Don't tase me, bro

By JAMES PARKER  |  December 21, 2007

CATCH PHRASE “It’s Britney, bitch.”
ORIGINAL CONTEXT There’s an argument to be made that it was Chris Crocker’s sobbing, streaky-eyed cri de coeur, “Leave Britney alone!” — surely you saw it as it banged around YouTube for the next month? — that was the real catch phrase. That argument, however, I reject. If she is to be allowed nothing else, La Spears must at least have the privilege of speaking for herself, and this line — the lip-sync intro to her dazed, unsteady but nonetheless powerfully erotic performance at MTV’s Video Music Awards — was her testament. A million shitty magazines have not destroyed her. Ten thousand whores with microphones have failed to bring her down. Let the dogs of fame slaver at her door: Britney will survive.
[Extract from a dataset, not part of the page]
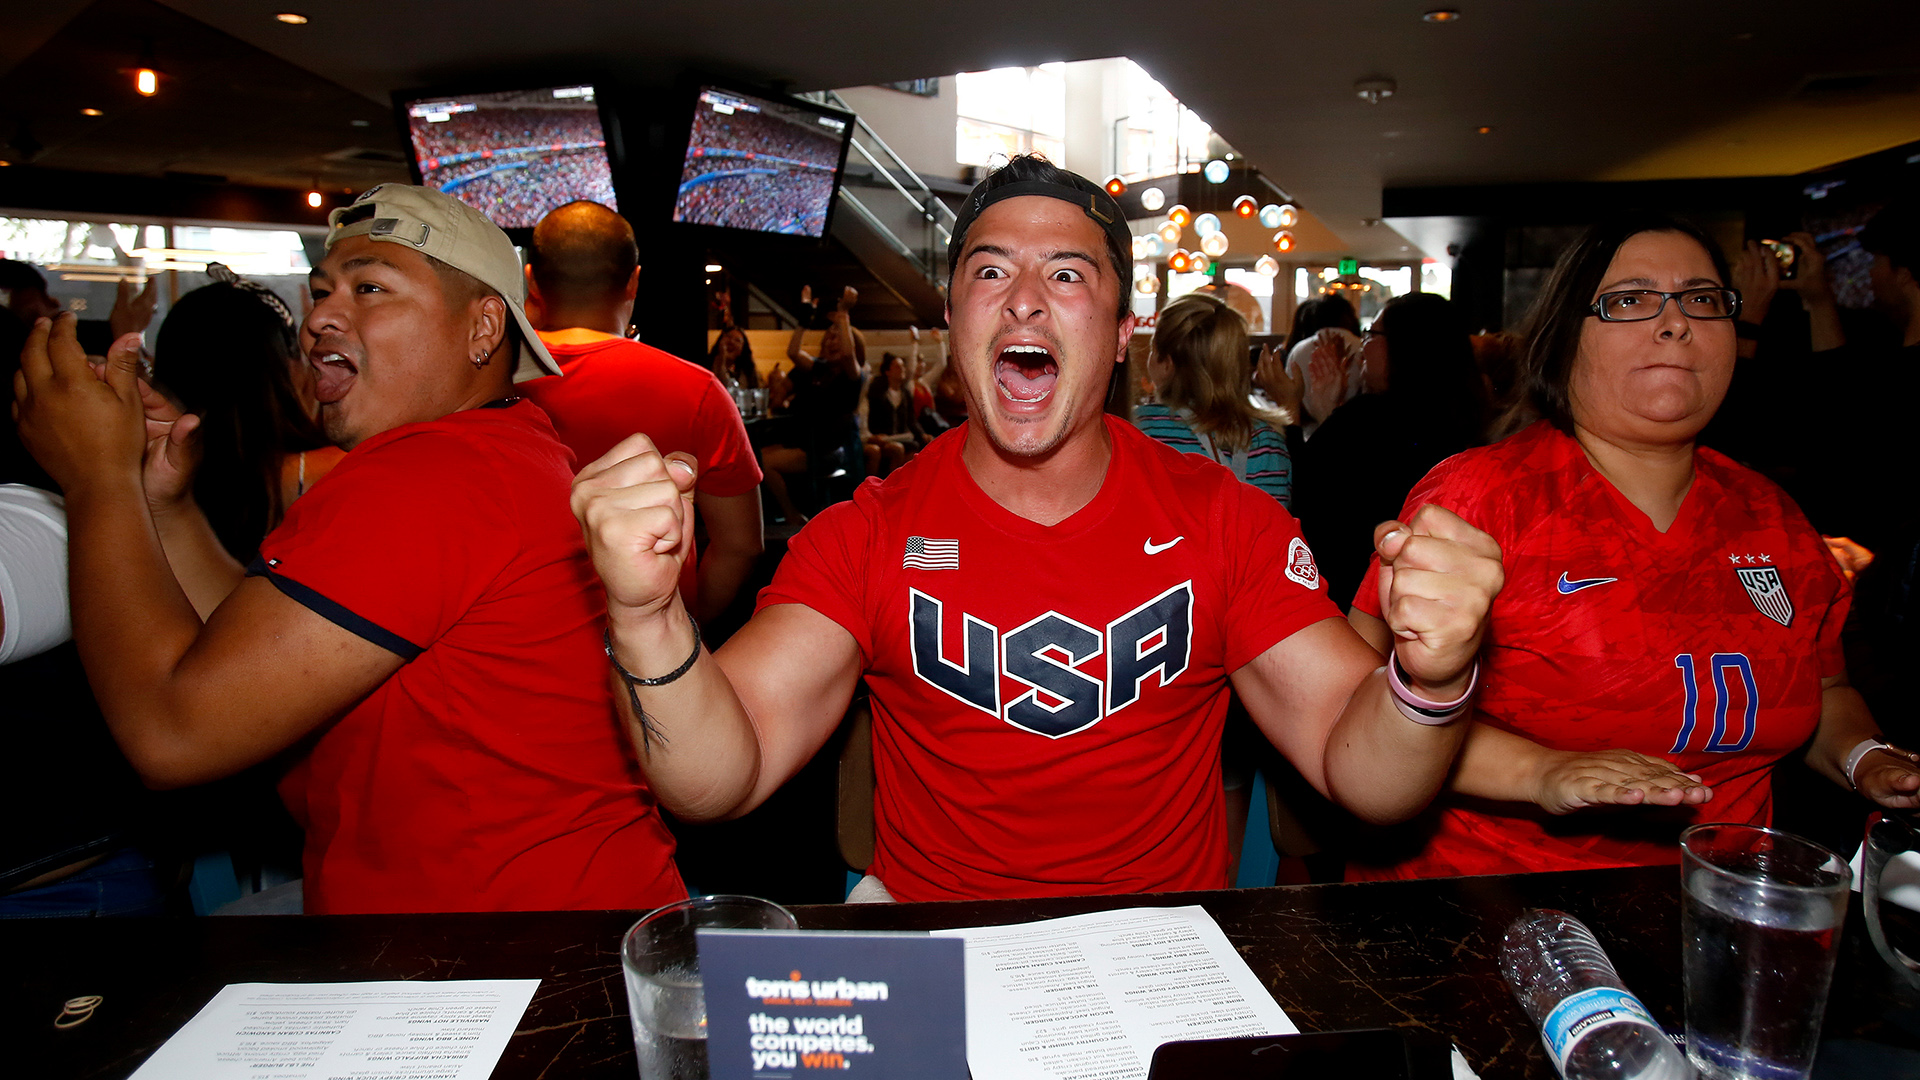  Fans der USA jubeln bei einem gemeinsamen Public Viewing der Fußball WM der Frauen in einer Bar (Archivbild vom 07.07.2019). | picture alliance/dpa/FR170512 AP

USE IN EVERYDAY LIFE AS a defiant, against-the-odds affirmation of identity and endurance.
EXAMPLE “Wow, Dave, I can’t believe that bouncer broke your jaw. You must be pretty down about that. More soup?”
“Iff Brrrt-nuh, biff!”

CATCH PHRASE “Senator, I don’t recall.”
ORIGINAL CONTEXT “Torture” was huge in 2007. And in one of the year’s neater ironies, the chief enabler of the Bush administration’s chaotic and homicidal torture policy — then–attorney general Alberto Gonzales — revealed himself, before a Senate committee, to be a man who only the most extreme forms of mental and physical duress could persuade to tell the truth. As he rebuffed questions relating to the underhanded dismissal of non-Bushite US attorneys, the glasses of Gonzales were fact-repellent; his face was insult-absorbent. Shame could not touch him, nor the blusterings of powerful men: nothing could dent the simpering steadfastness of his denial. To watch him testify was to feel oneself going slowly insane.
USE IN EVERYDAY LIFE AS a surreal refusal to admit the totally fucking obvious.
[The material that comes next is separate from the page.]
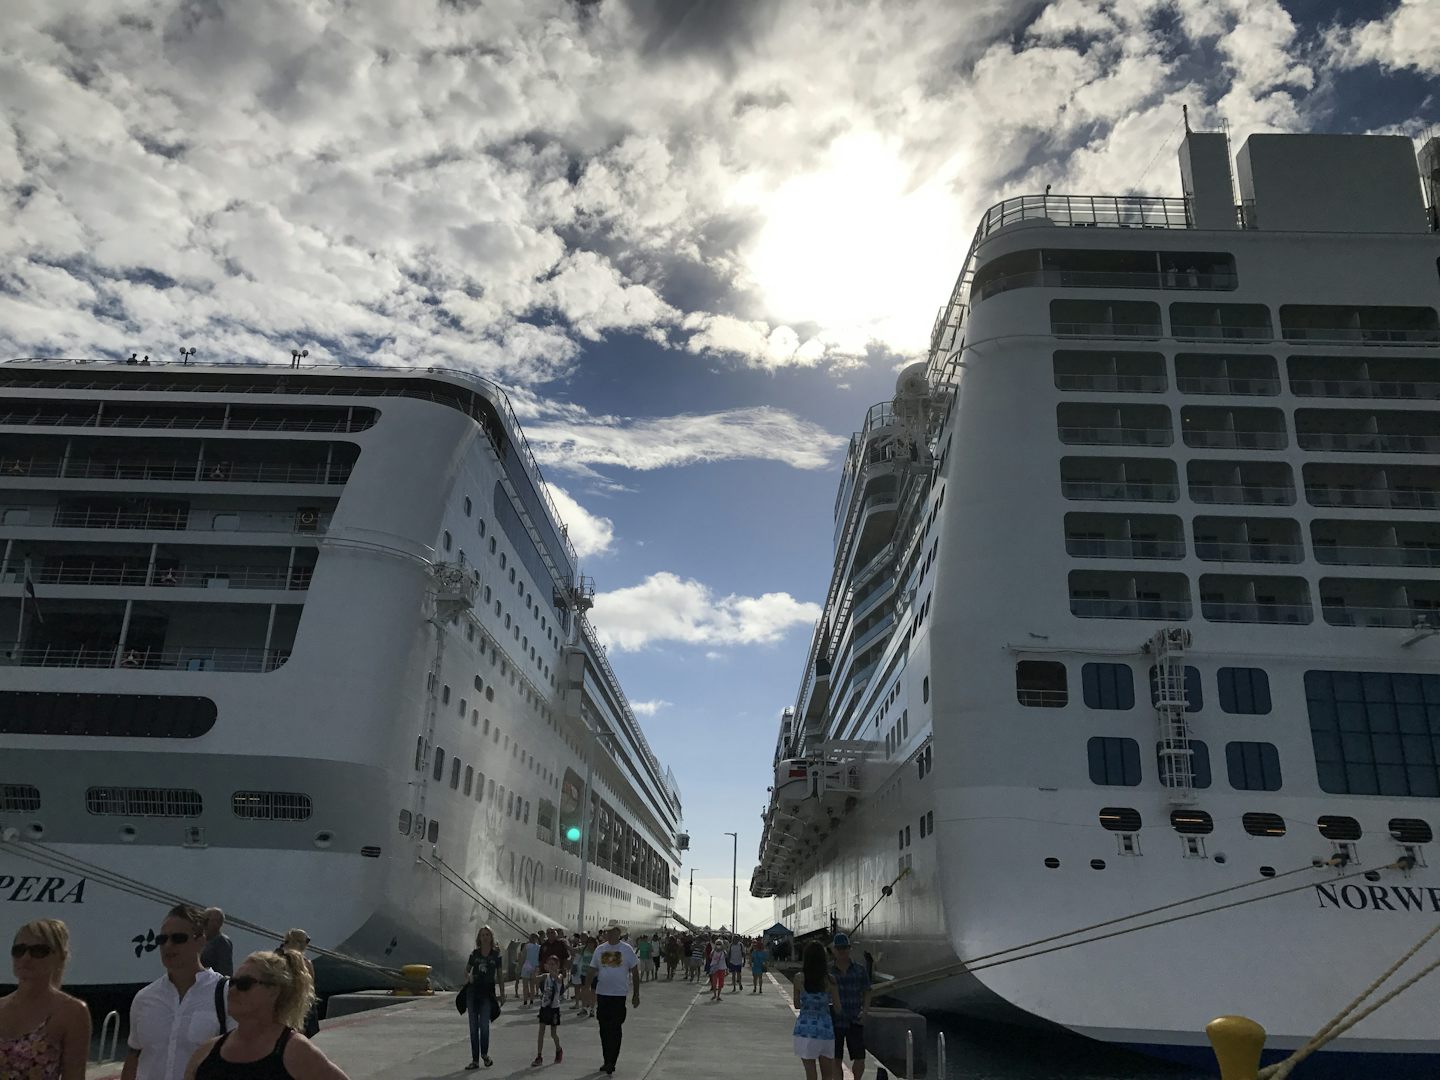 Tortola next to a MSC cruise ship

EXAMPLE “I see you spilled your coffee, sir. Let me clean that up for you!”
“Senator, I don’t recall.”

CATCH PHRASE “I’m feeling very vulnerable right now.”
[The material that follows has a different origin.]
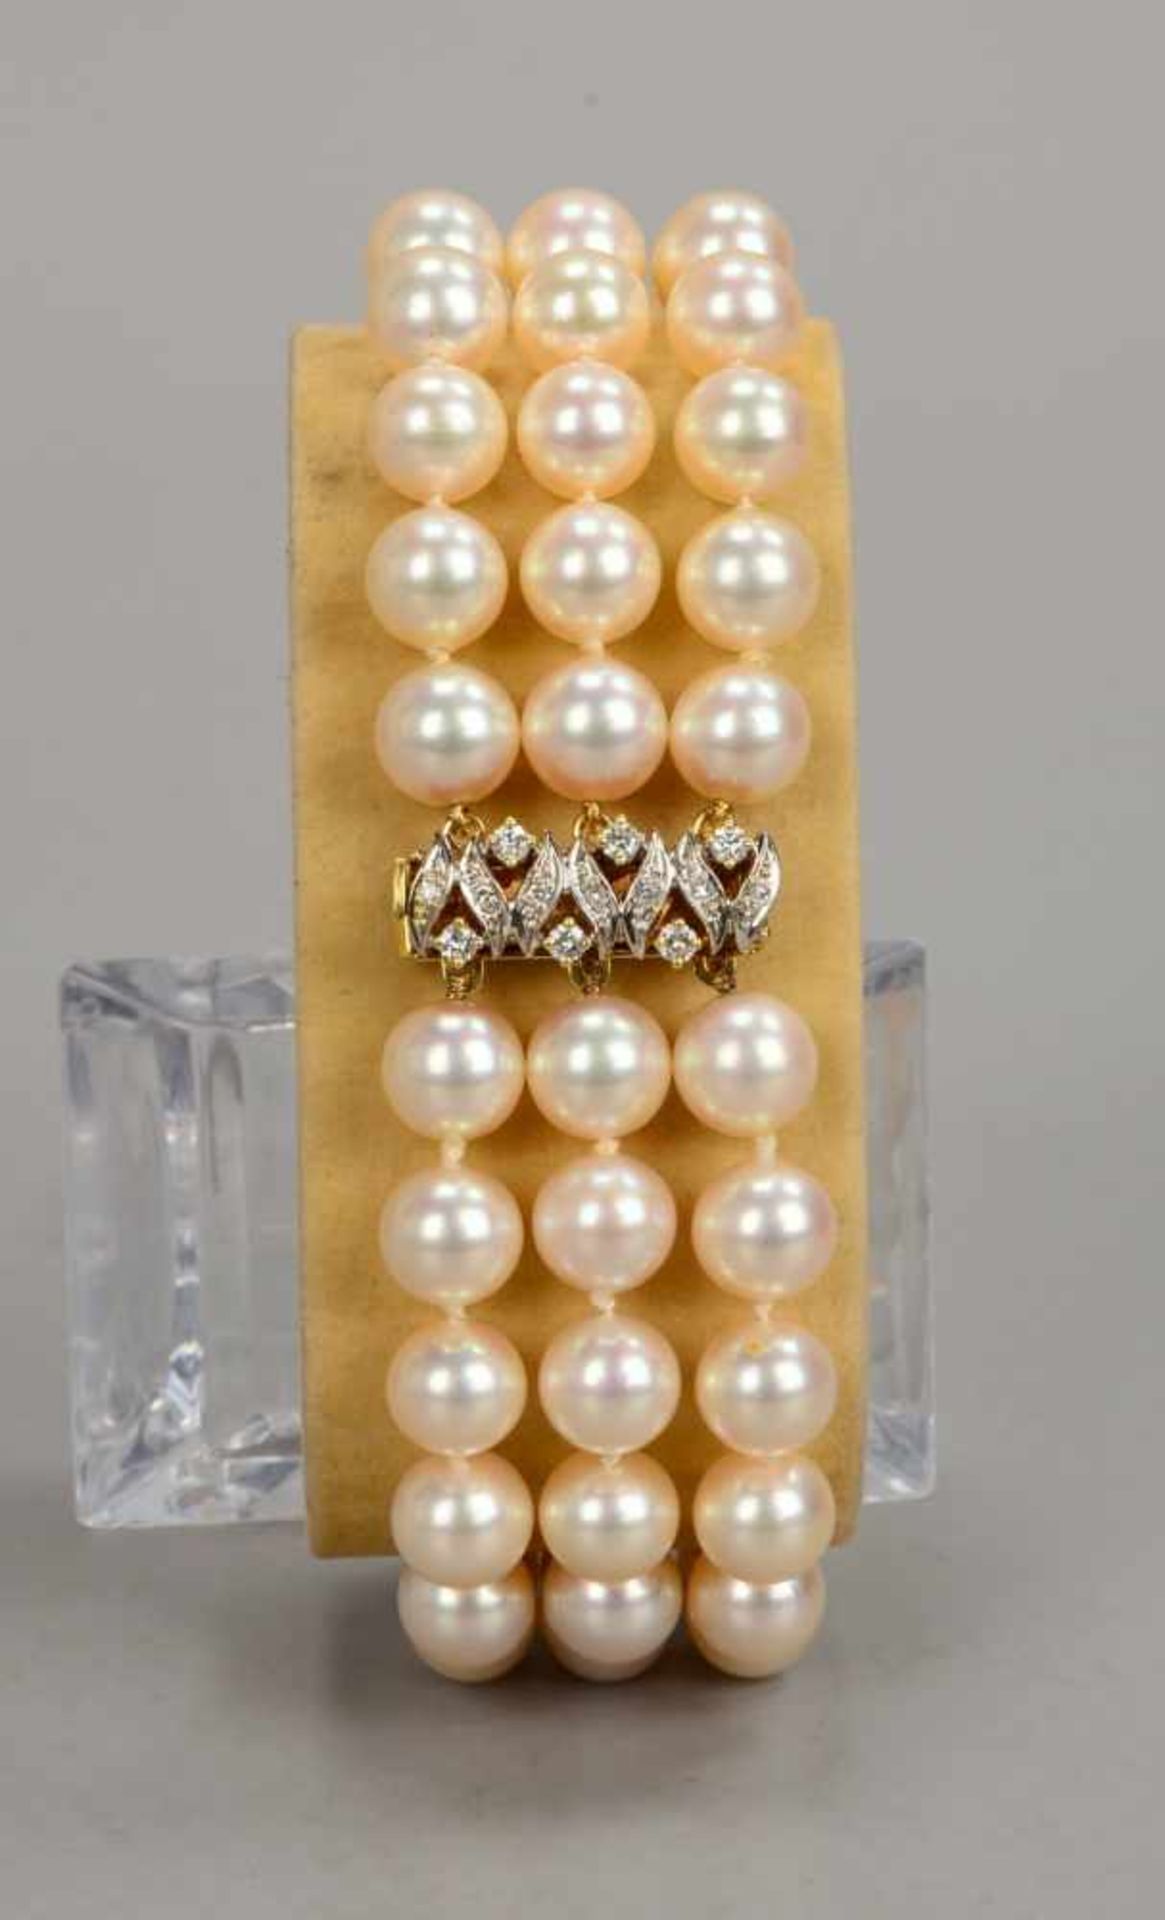 Zuchtperlen-Armband, 3-reihig, Perlendurchmesser Ø 8 mm, Perlen mit gutem Lüster, mit 585 GG-

ORIGINAL CONTEXT In 2007, the sexual revolution achieved its long-awaited fulfillment. No shots were fired, no one was executed, and in fact it is still unclear who is actually in power. Nonetheless, with the broadcasting of MTV’s A Shot at Love With Tila Tequila, all parties agreed that, really, there was nowhere else to go. With its teams of howling jocks and lesbians competing for the heart of a bisexual disco biscuit, A Shot . . . was the most freshly degraded reality TV of the year. And when Tila herself, late in the season, confessed to a moment of genuine human frailty, it was somehow more vulgar than all of the preceding bitch fights, hazings, ass-barings, Jacuzzi sessions, and drunken hook-ups put together.
USE IN EVERYDAY LIFE AS an insult, an imputation of frailty or effeminacy.
EXAMPLE “I’d love to arm wrestle with you, Brad, but I’m afraid I have a sprained wrist. You’ll have to find someone else.”
“Yeah, I can tell you’re feeling very vulnerable right now.”